Endowment Mortgage Can Lead To Shortfalls

Endowment policies was something that was issued in England in the 70’s and 80’s and though the intention was that they would in the time specified pay off the entire mortgage completely, this did not always occur. Ah, I hear someone asking what are endowment policies. Wikipedia defines it as;

An endowment mortgage is a mortgage loan arranged on an interest-only basis where the capital is intended to be repaid by one or more endowment policies. The phrase endowment mortgage is used mainly in the United Kingdom by lenders and consumers to refer to this arrangement and is not a legal term.

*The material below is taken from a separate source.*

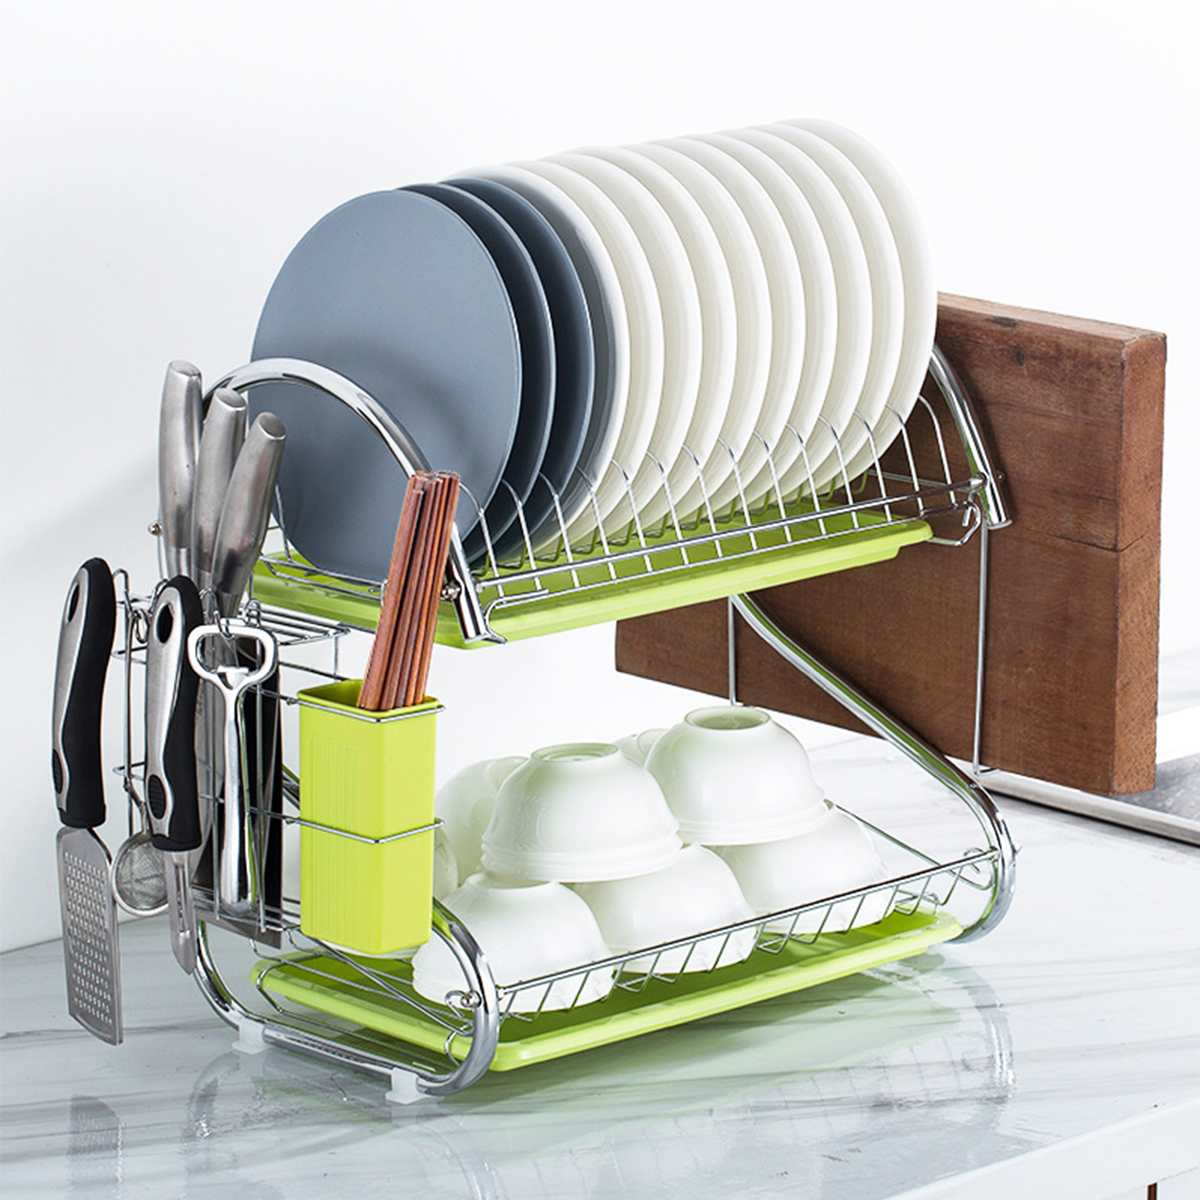 Details about  /Kitchen Storage Dish Cup Drying Rack Holder Organizer Drainer Dryer Tray

The borrower has two separate agreements. One with the lender for the mortgage and one with the insurer for the endowment policy. The arrangements are distinct and the borrower can change either arrangement if they wish. In the past the endowment policy was often taken as additional security by lender. That is, the lender applied a legal device to ensure the proceeds of the endowment were made payable to them rather than the borrower; typically the policy is assigned to the lender.


The problem was when shortfalls did occur many owners of the policy were not able to meet said shortfalls forcing them to surrender them to the issuing insurance companies for ridiculously low prices. The UK government stepped in giving people the right to use the services of sell endowment policy firms enabling them to get a much higher price.